Slut Shaming

Hello class. For today’s lesson, we’ll be talking about people who are obsessed w/judgment of others, slut shaming in particular, and how you may as well wear a sign on your forehead that reads “I’m insecure” if you do so http://tcat.tc/2iaRM5g 
Since that particular article is about men who slut shame
 …for women who slut shame other women = internalized misogyny (also a form of generalized insecurity)

https://www.psychologytoday.com/us/blog/the-bejeezus-out-me/201406/whats-really-behind-slut-shaming 
If you constantly judge/gossip about others but DON’T specifically “slut shame” it’s no different. The thought pattern is one of desire to overcompensate in lieu of self worth, to mask ones own weakness. This stems from the same psychological root(s). This behavior is known as moral superiority and/or superiority complex 
“superiority complex rises from…repressed feelings of inferiority and lack of self-esteem”https://psychologenie.com/the-concept-of-superiority-complex-in-psychology
Once you become self aware, and truly honest with yourself, you CAN tackle your insecurity & curb the compulsion to judge others:http://thepositivitysolution.com/judging-others
But it is so much more than that. Many people believe that judging others is something you either do or don’t do in general; however, that is not the case. Sometimes individuals are generally open minded but particularly judgemental in specific situations, or in regard to particular individuals . 

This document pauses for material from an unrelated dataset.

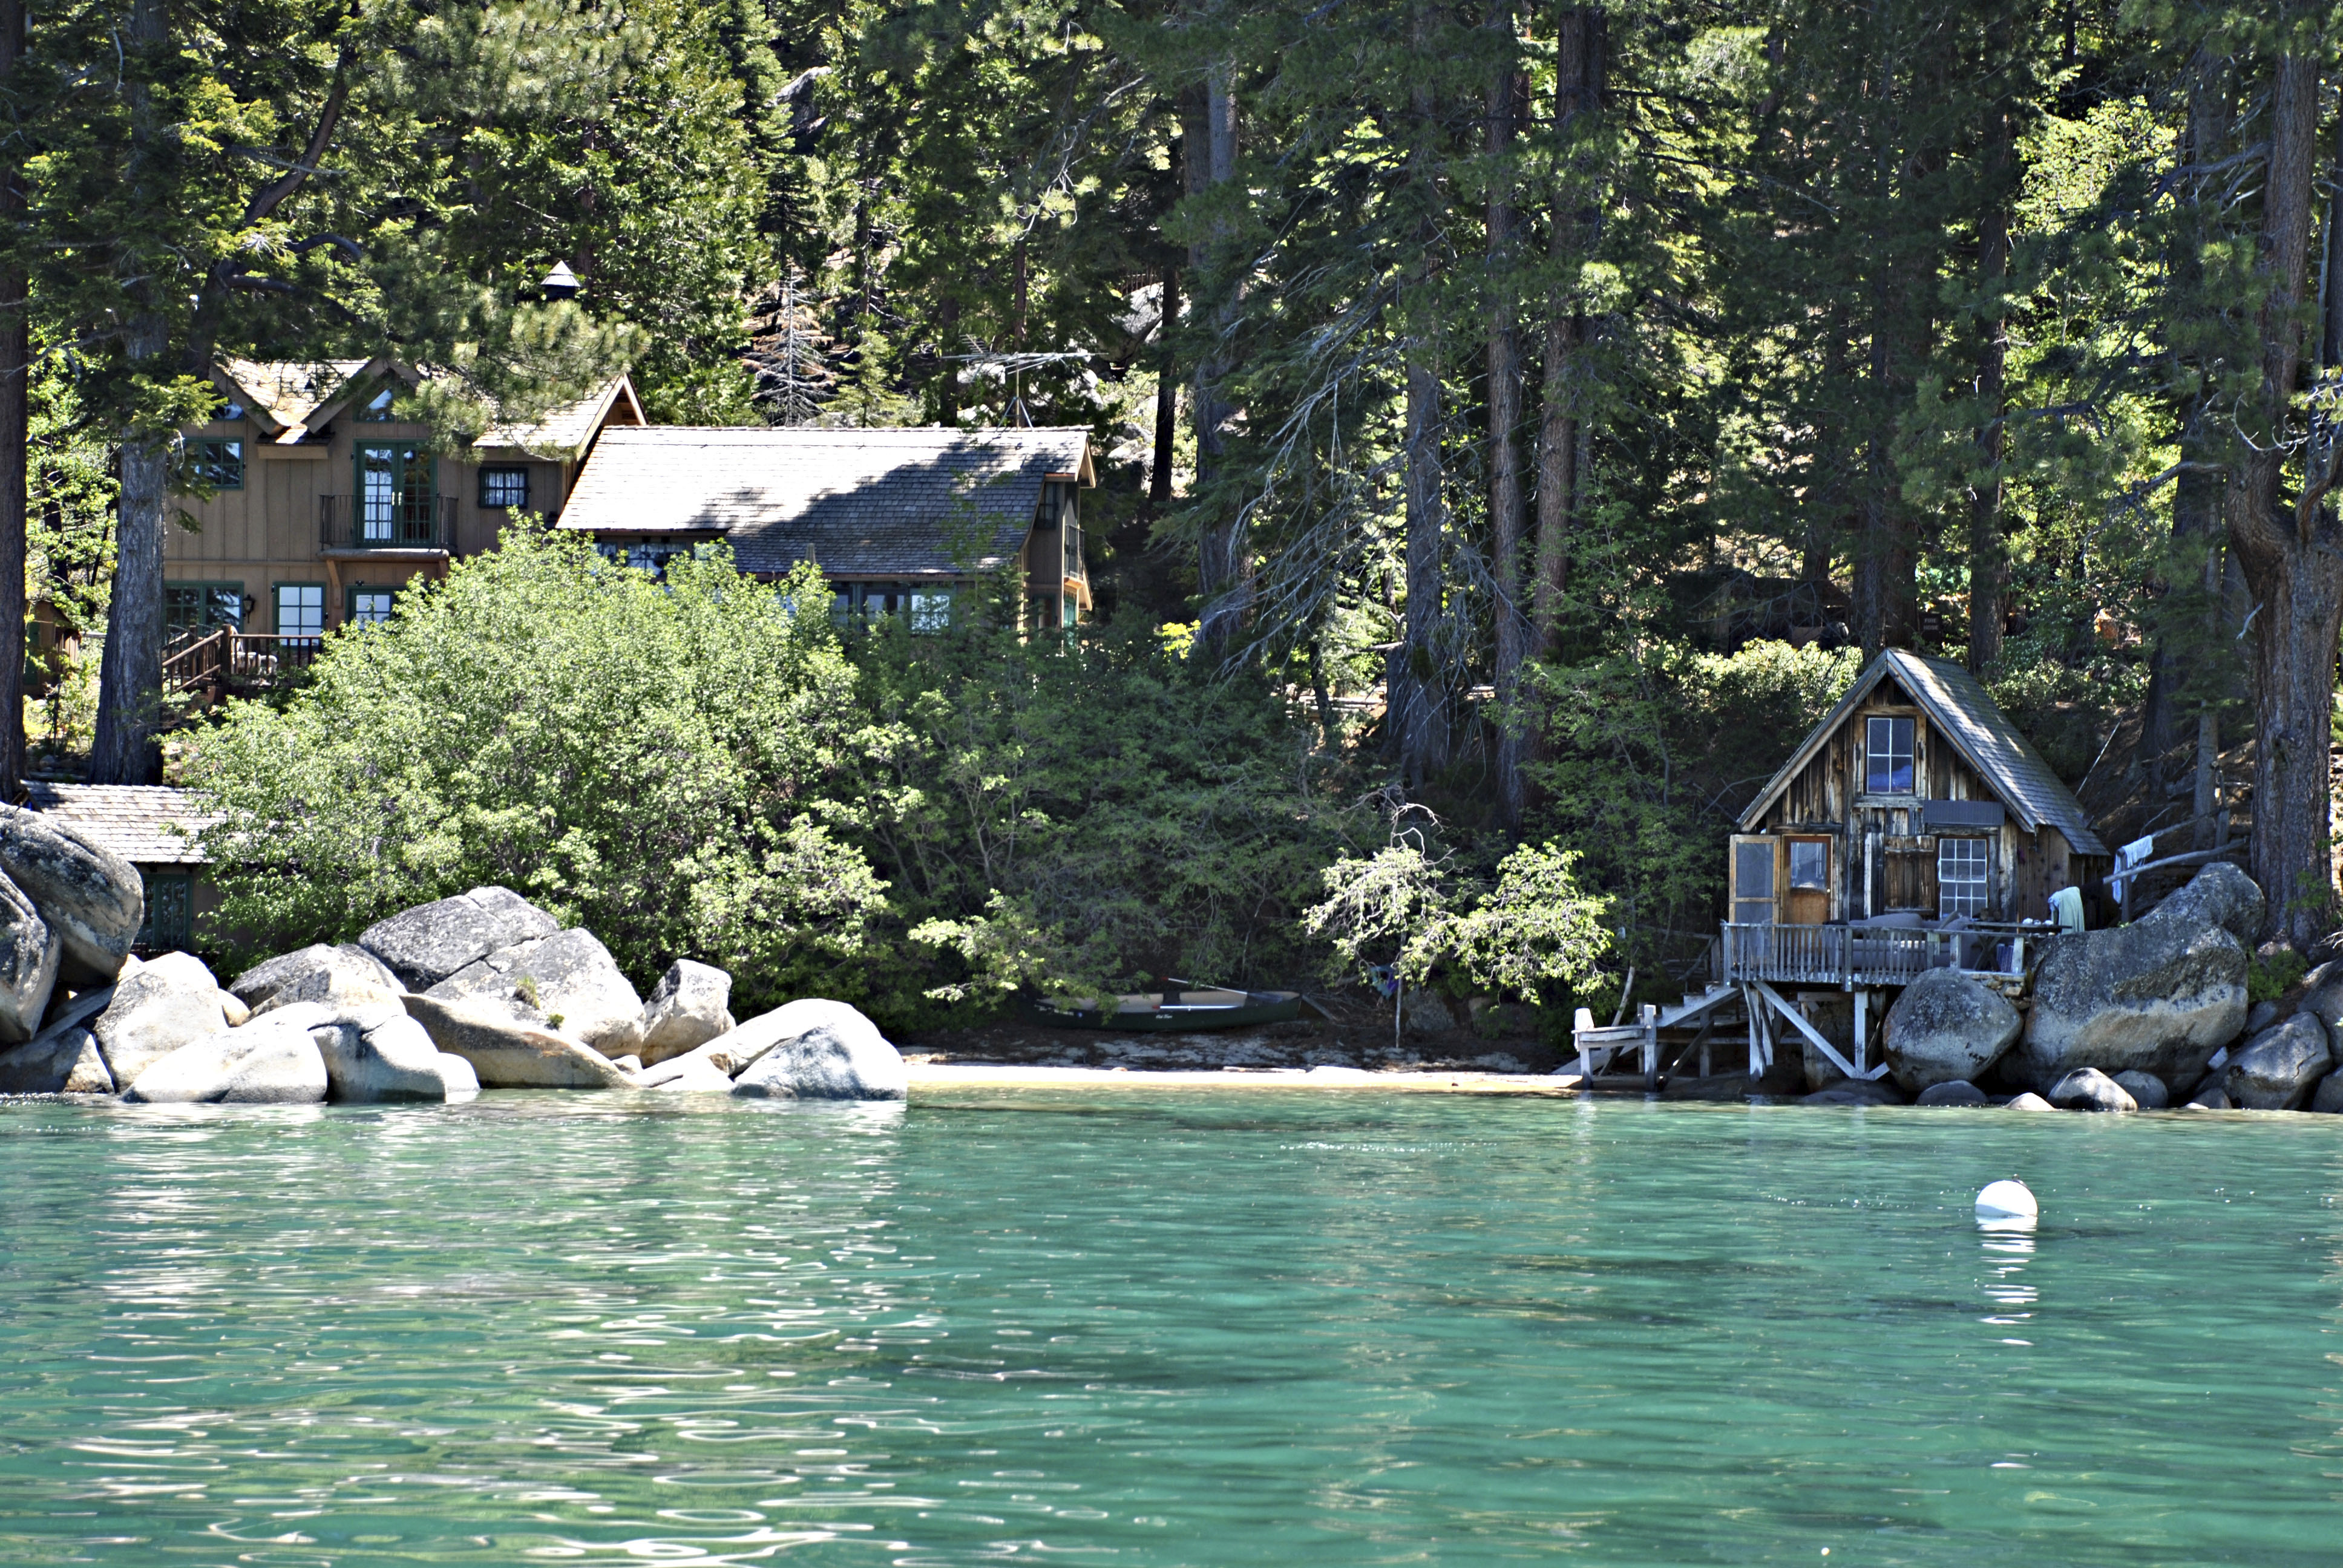 1-800-666-4718 Luxury Lake Tahoe Lake Front Homes For Sale Alvin Steinberg Coldwell Banker Select

When we respect ourselves, we’re more free and able to respect others: their personal limits, boundaries, etc.https://psychcentral.com/blog/how-to-respect-other-peoples-boundaries/
Maybe your judgments don’t manifest in the ways aforementioned? Have you ever written a script in your head of what you think someone else’s response to you should be? Have you ever felt upset (disappointed, frustrated, resentful, etc) because you asked someone to do something for/with you and they declined? Have you ever attempted to alter your perception, to include the possibility that it has nothing to do with them, and it’s actually about the fact that you’re not secure enough to accept an answer that you didn’t want to hear?? “Expectations are premeditated resentments.” J.A.Johnson-PhD 
https://www.google.com/amp/s/www.psychologytoday.com/us/blog/cui-bono/201802/the-psychology-expectations%3Famp
Whether it’s conscious or not, when you do not respect others decisions of what to do with their own time/energy/feelings/bodies, when you treat them differently because you feel “upset” they didn’t do as YOU would have liked/imagined, it is an attempt to manipulate them to your whims in response to perceived rejection. This is unhealthy and self defeating behavior. 
How to gracefully deal with rejection:https://www.google.com/amp/s/lifehacker.com/how-to-gracefully-deal-with-rejection-1818702428/amp
 It is so much easier said than done, to triumph  over ones defensiveness & insecurities; we all have them, and we all need to constantly take self inventory to keep them (and our response to them) in check. It’s not an easy task, but  it is worth it tenfold, and will ultimately make you a much better person.  We all deserve happiness & inner peace.